The least amount of cards that can be requested is one, so we know that we must have an envelope containing one card.

The next amount that could be requested is two, so we have a decision to make. Do we place another single card in the envelope or do we have an envelope containing two? The better choice is to have two. The reason is that now we can create 1, 2, and even three cards by adding our existing envelopes so far.

Now that we are covered up to 3 cards, we need to make a 4. We can do this a number of different ways, but the best choice is to place 4 cards in the next envelope. That way we can combine cards at this point to make a 1, 2, 3, 4, 5, 6, and even a 7 simply by adding different combinations of what we have. Then next number we need to create is 8, so we should place 8 cards in the next envelope. Hopefully, by now you start to realize that we are doubling the number of cards each time we get to the next envelope.

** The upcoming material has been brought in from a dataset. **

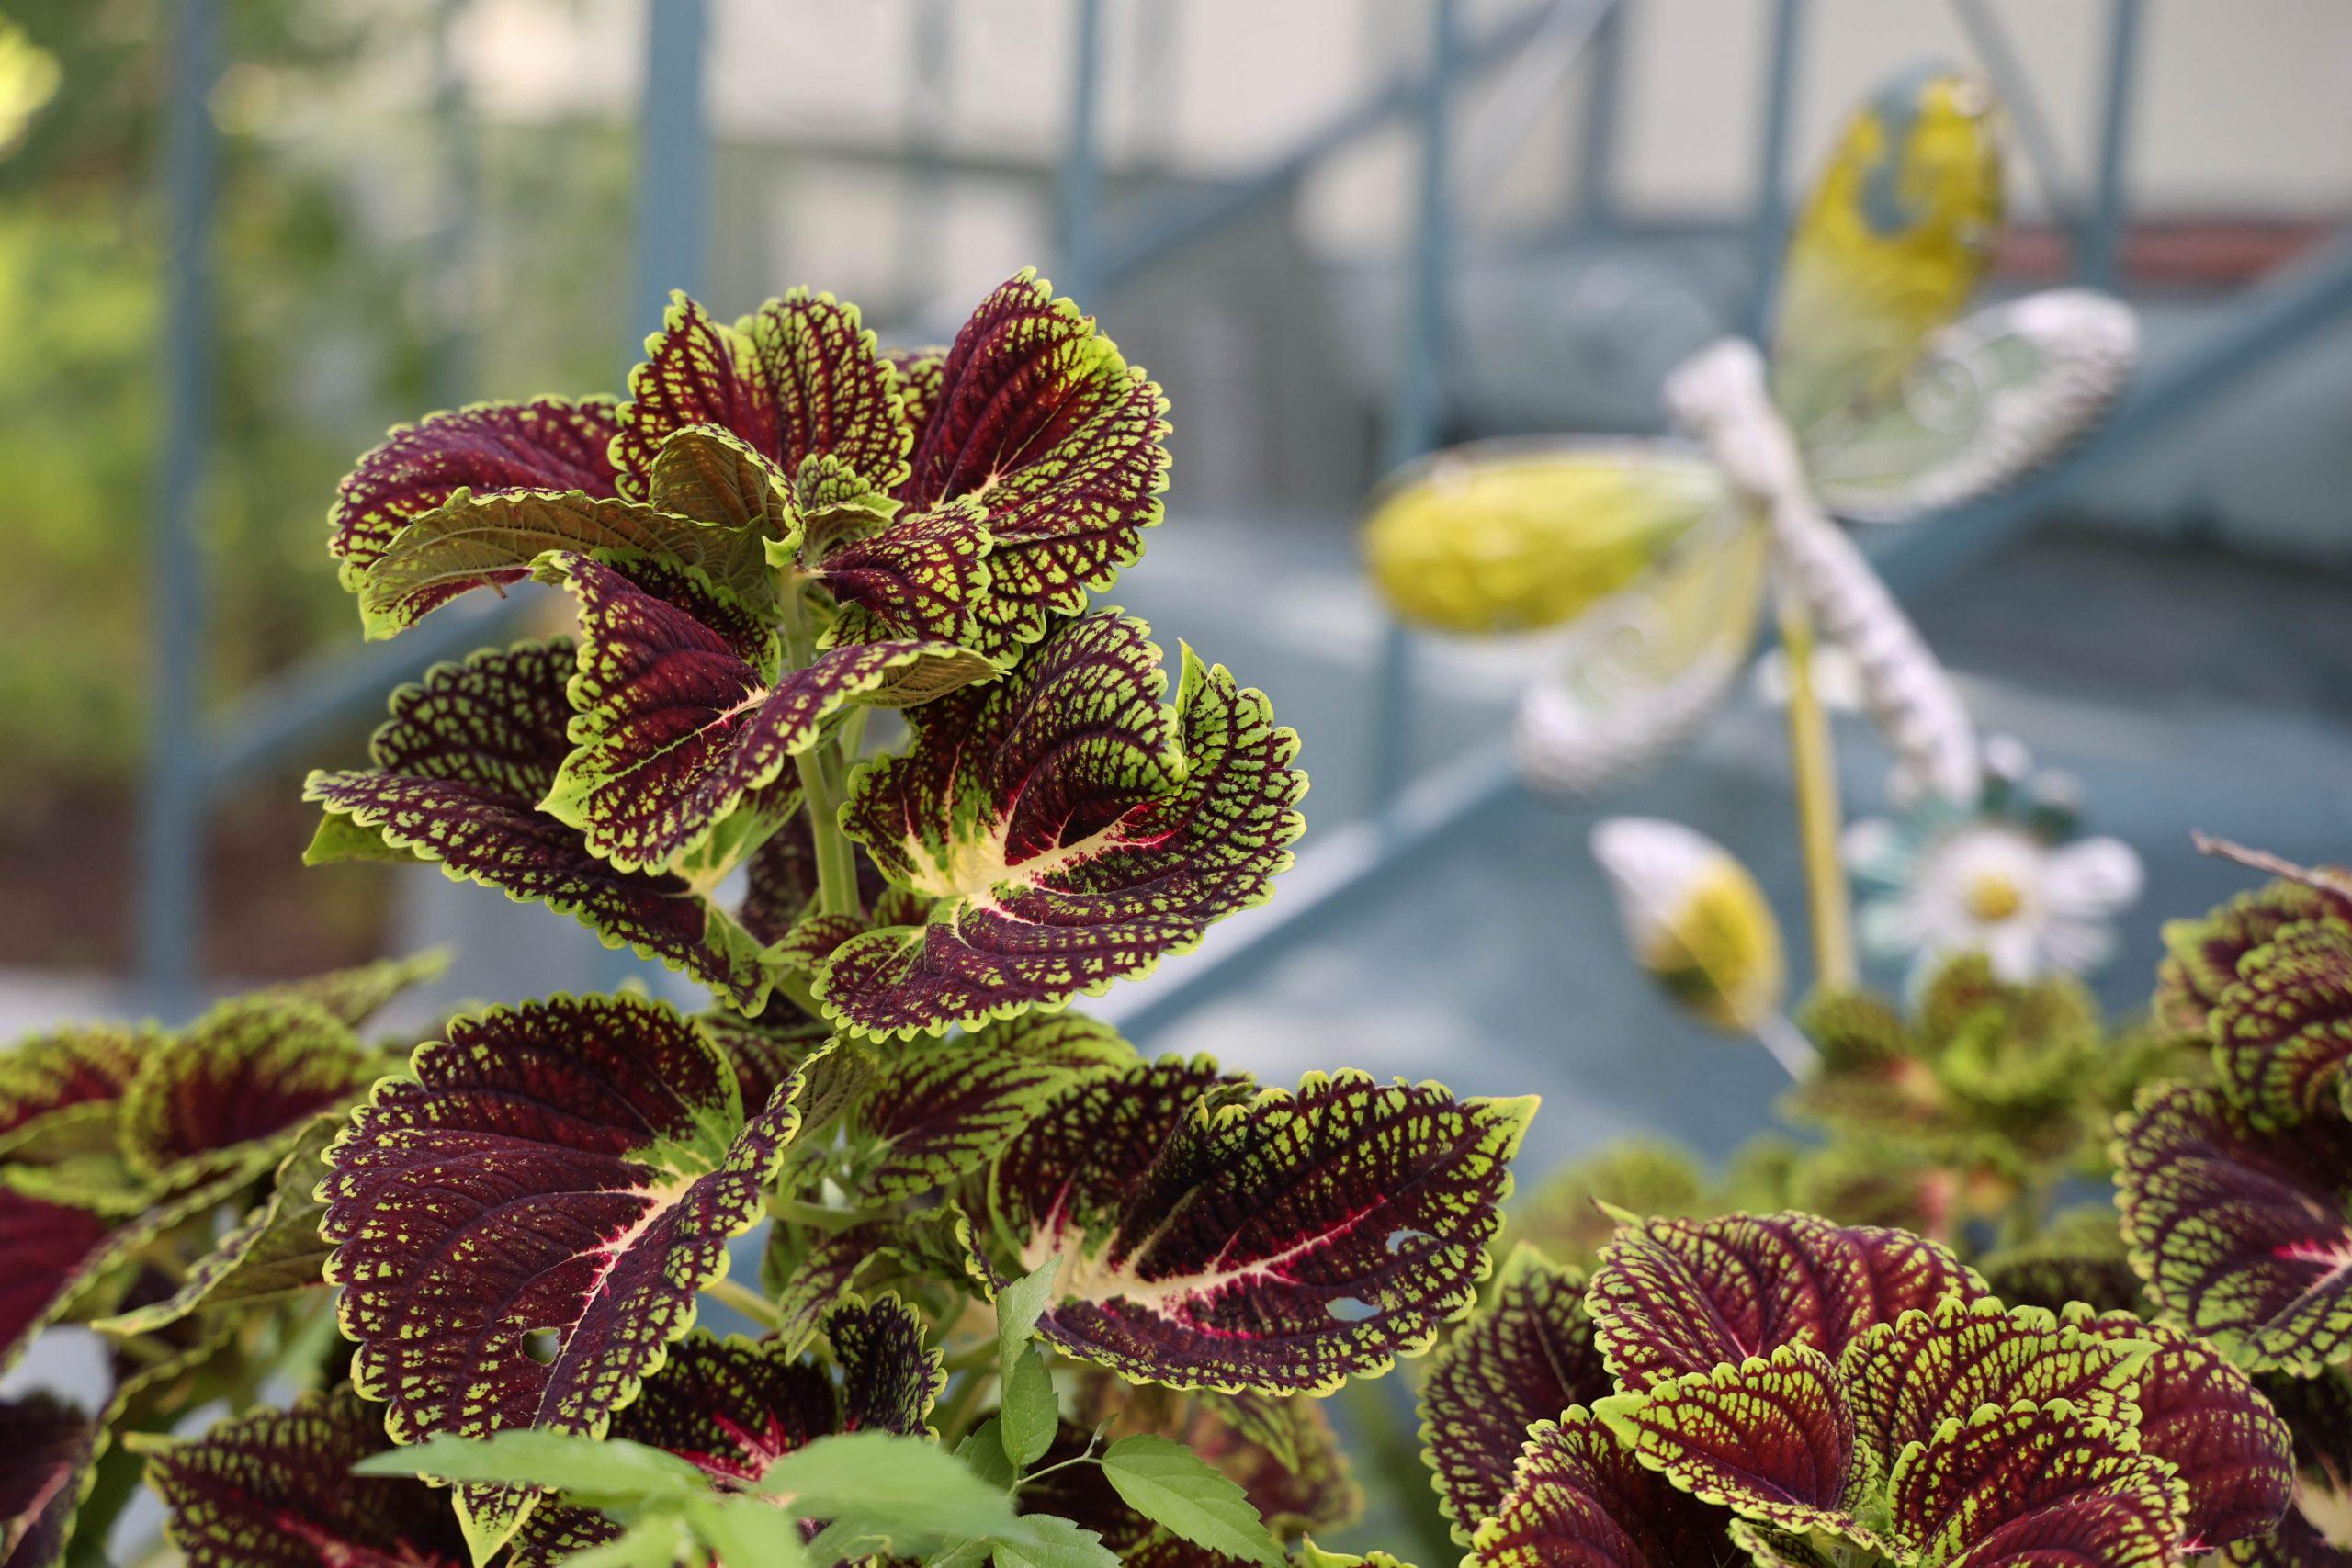 A unique looking plant grows in Baca's front garden.

Now you might be saying that if we keep doubling then the last envelope should contain 512 cards. However, we must remember the 1,000 card limit. So at this point, if we total the number of cards we have now, it’s 489. Subtract 489 from 1,000 leaves 511 cards in our last envelope.

It is my hope that you have enjoyed these sample problems and share them with your students and your colleagues. Create a library and add more critical thinking questions. They can be used as ice-breakers or extra credit.